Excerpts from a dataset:
========================================
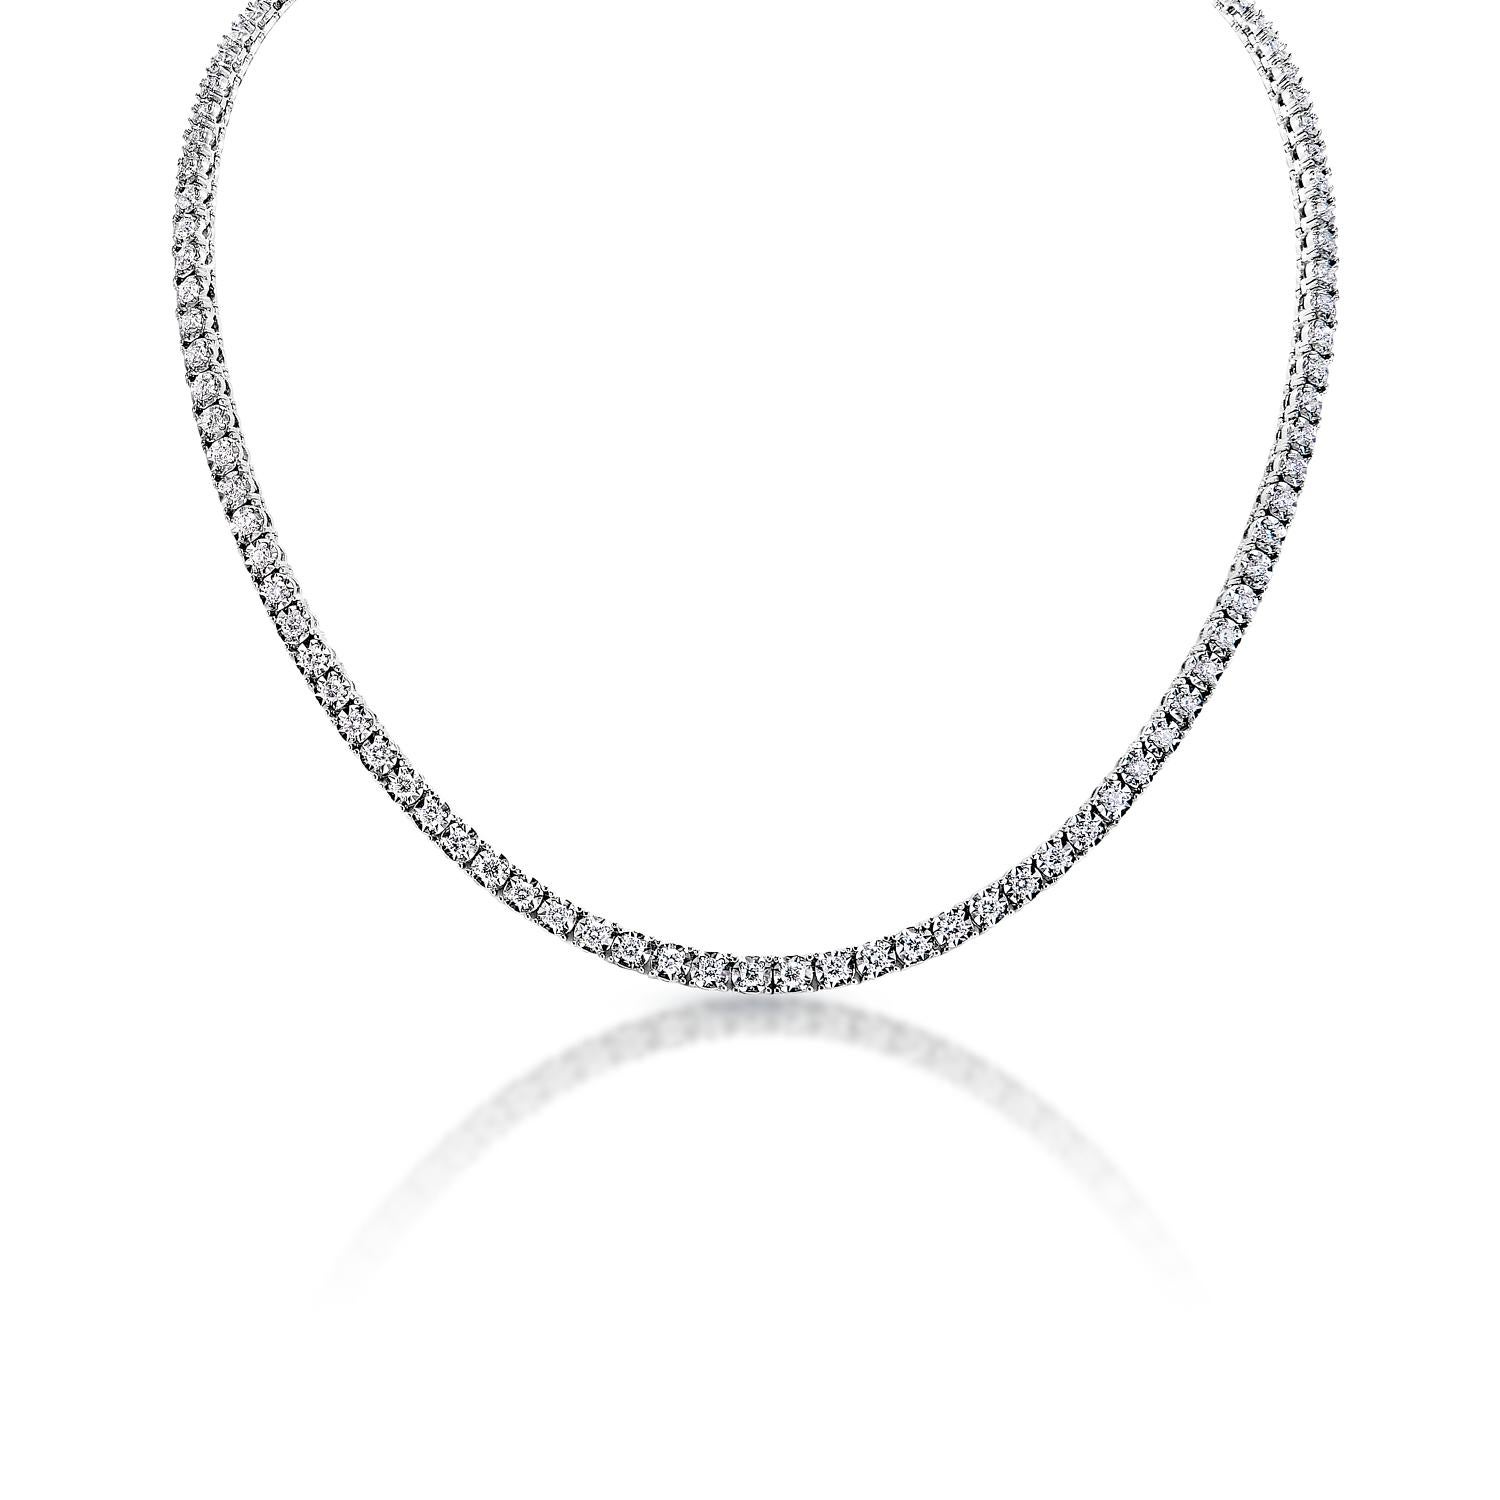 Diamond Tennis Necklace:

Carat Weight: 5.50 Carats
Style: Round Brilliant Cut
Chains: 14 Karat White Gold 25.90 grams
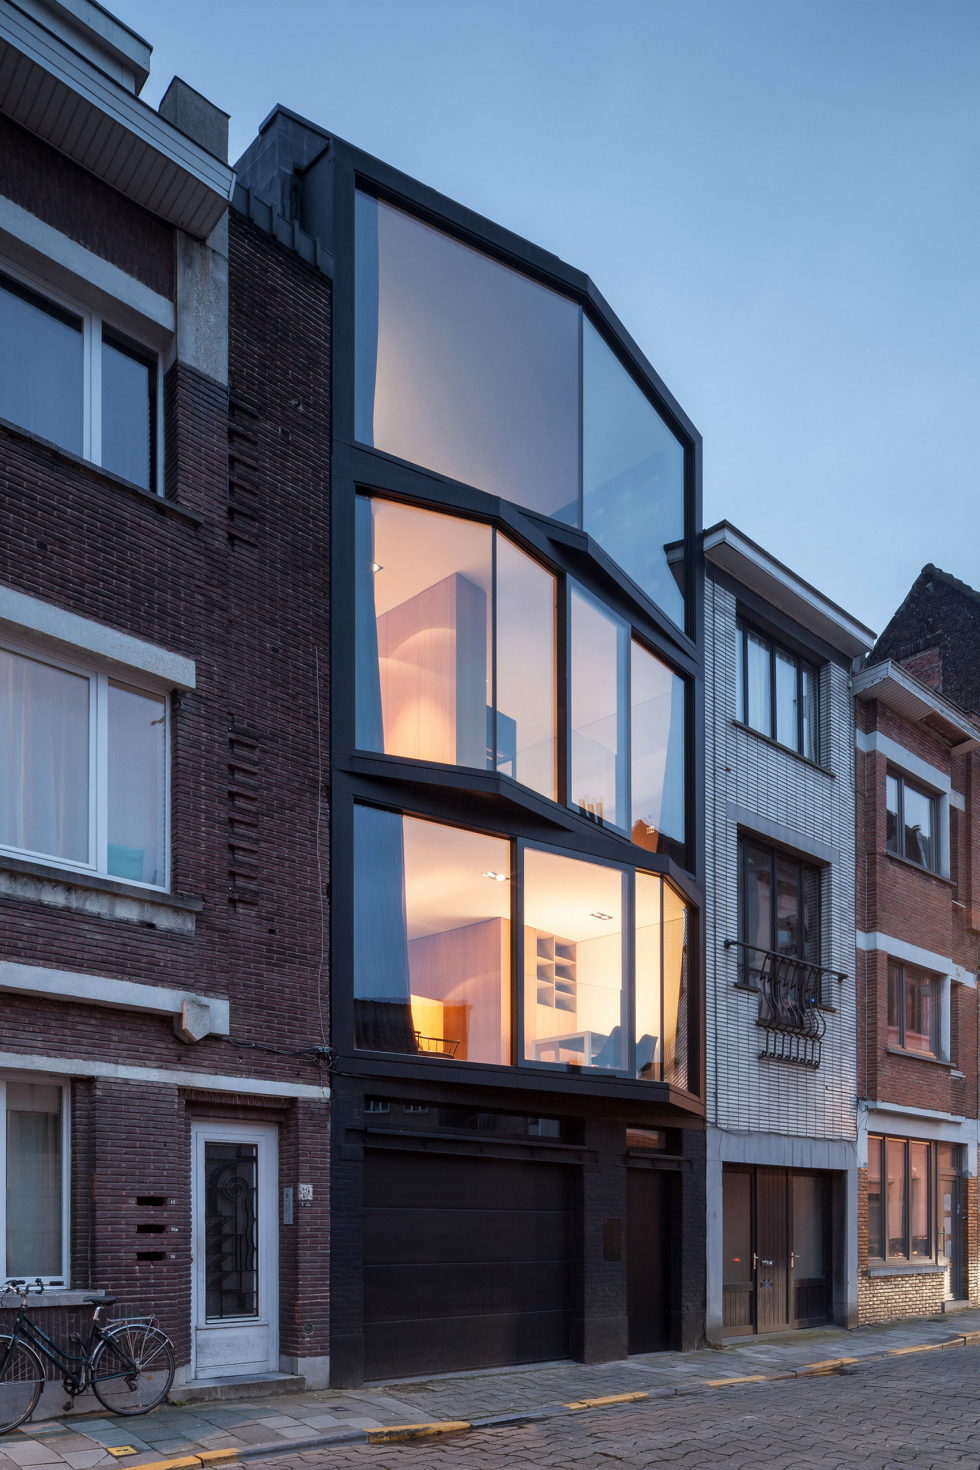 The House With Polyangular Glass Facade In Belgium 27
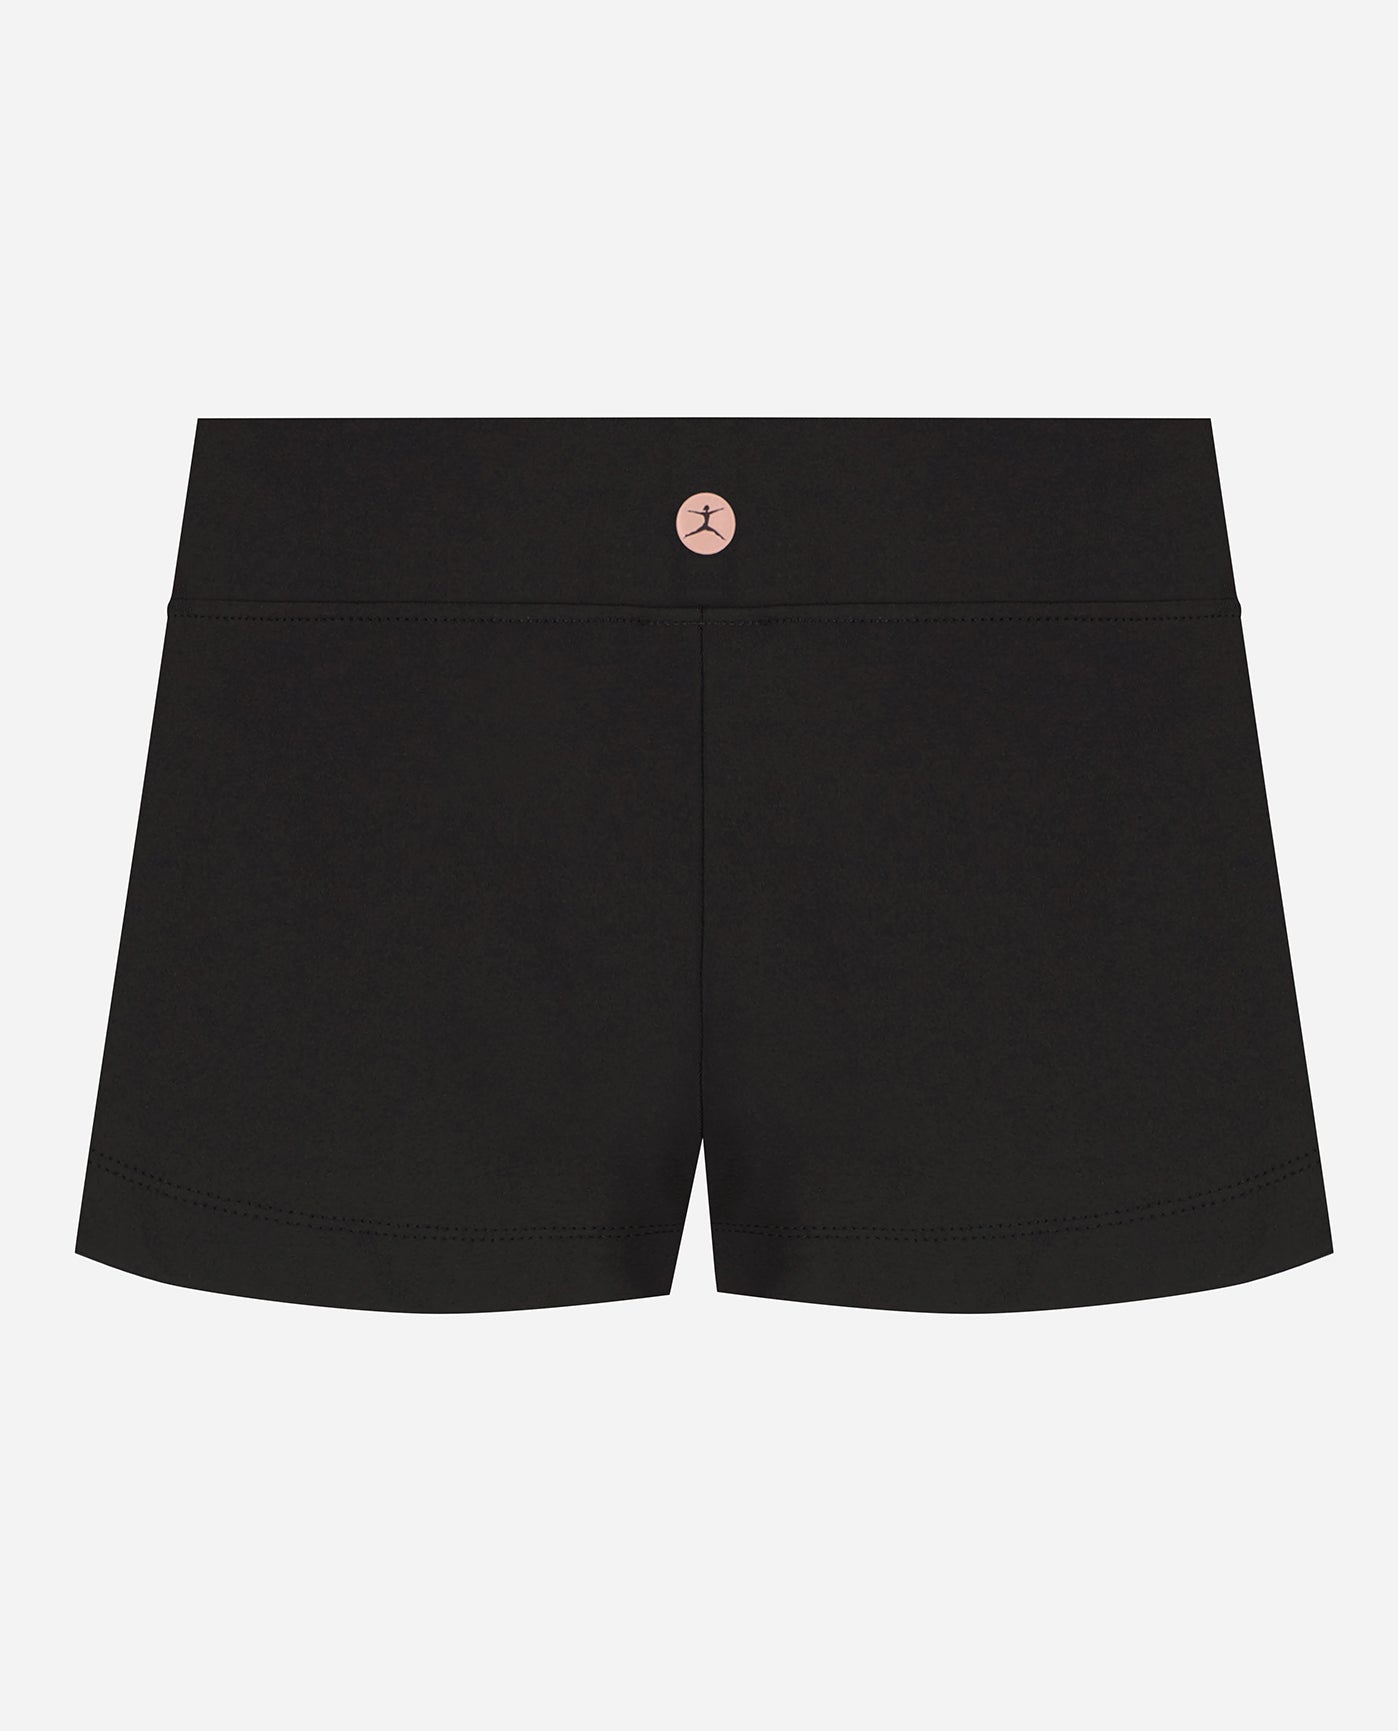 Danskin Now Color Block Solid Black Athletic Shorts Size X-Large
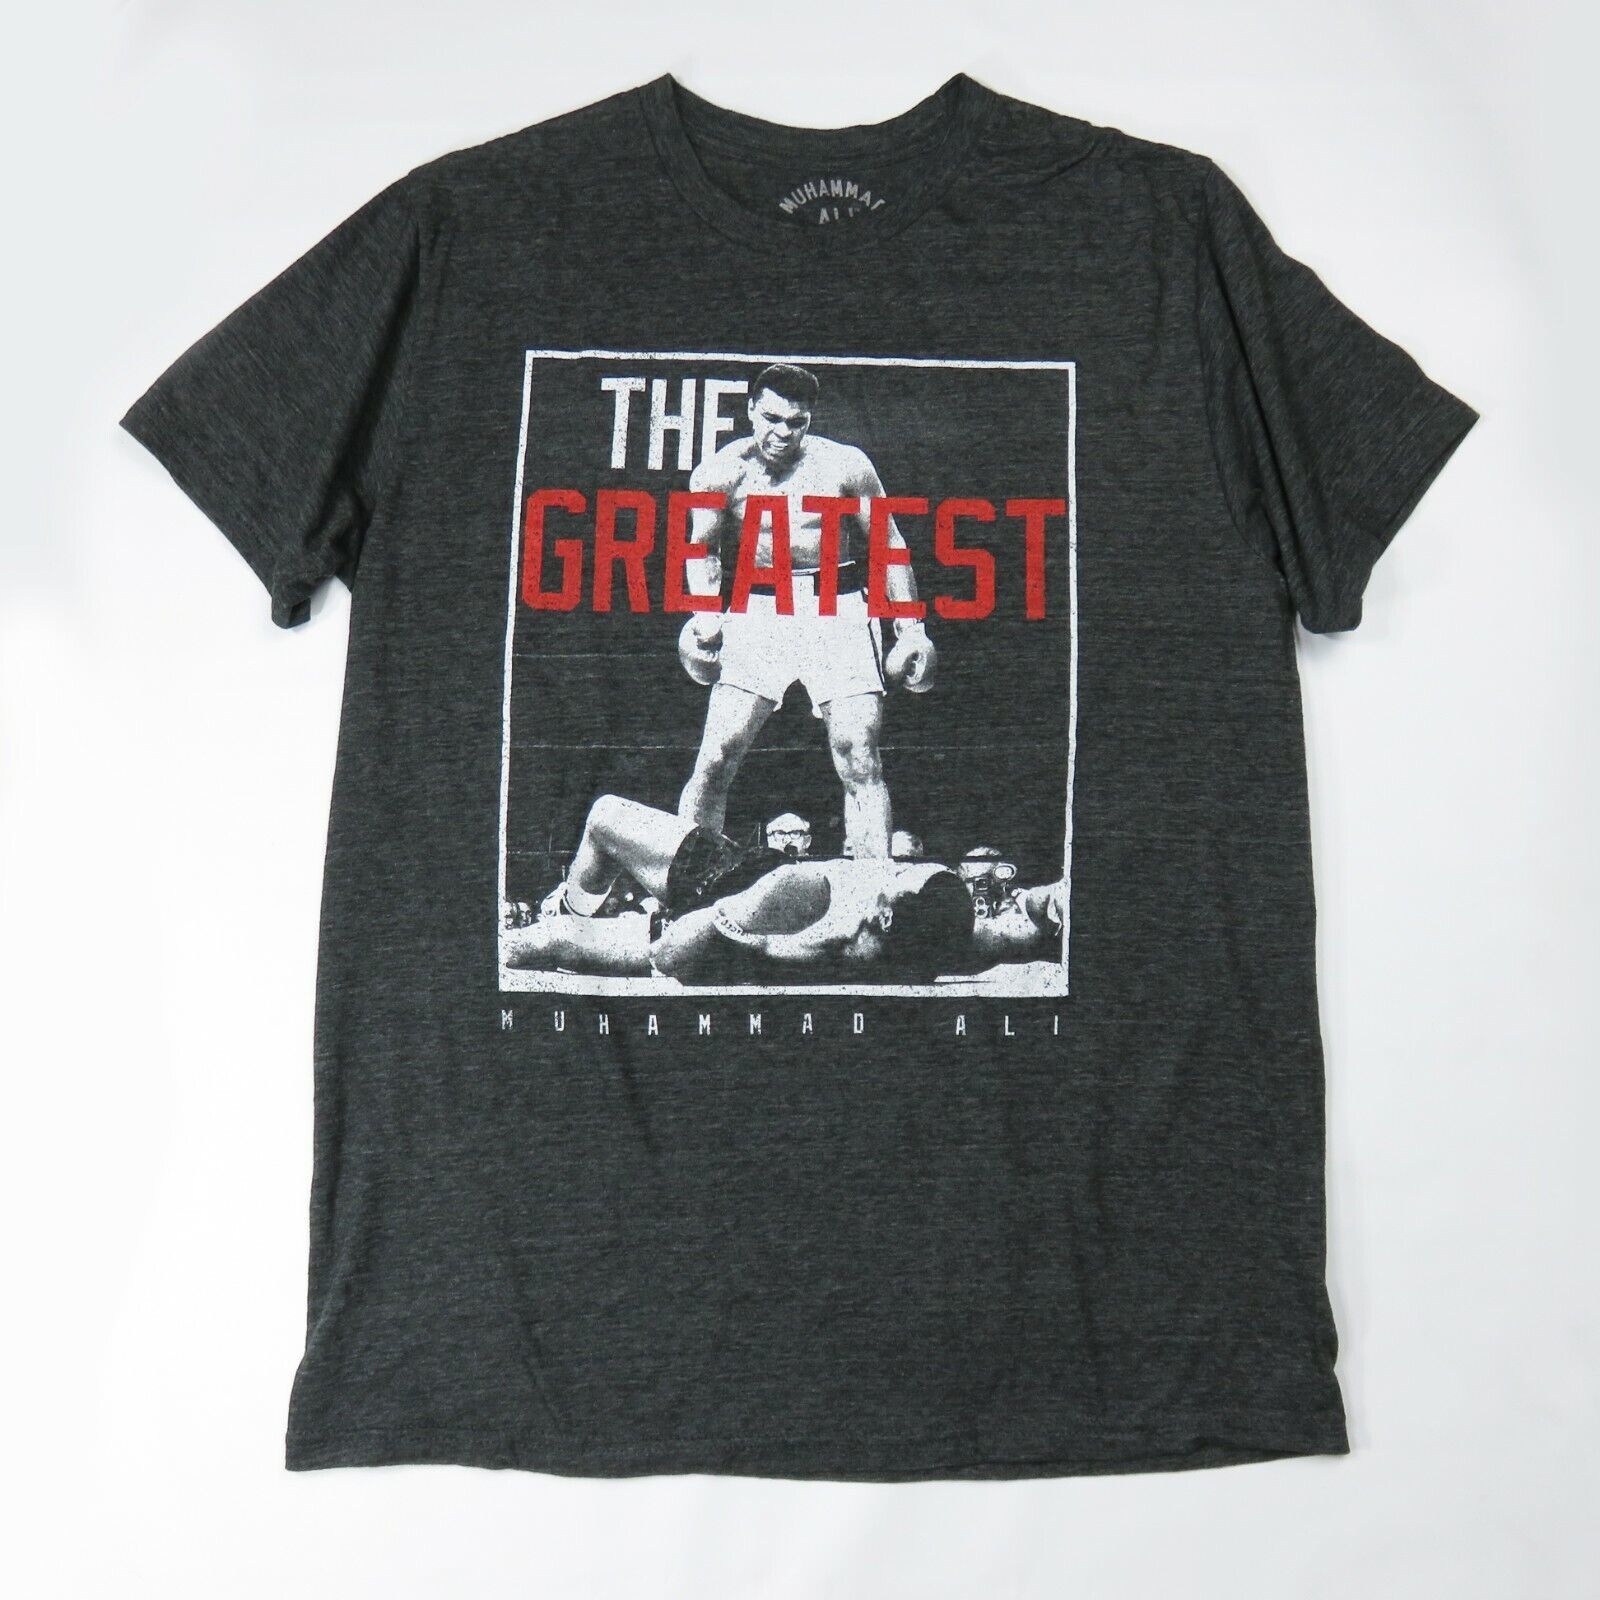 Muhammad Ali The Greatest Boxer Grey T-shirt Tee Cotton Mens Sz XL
========================================
_What is being asked_. Where an image appears in the data, skip it, and return the rest verbatim.

_Your solution_.
 Diamond Tennis Necklace:

Carat Weight: 5.50 Carats
Style: Round Brilliant Cut
Chains: 14 Karat White Gold 25.90 grams
 The House With Polyangular Glass Facade In Belgium 27
 Danskin Now Color Block Solid Black Athletic Shorts Size X-Large
 Muhammad Ali The Greatest Boxer Grey T-shirt Tee Cotton Mens Sz XL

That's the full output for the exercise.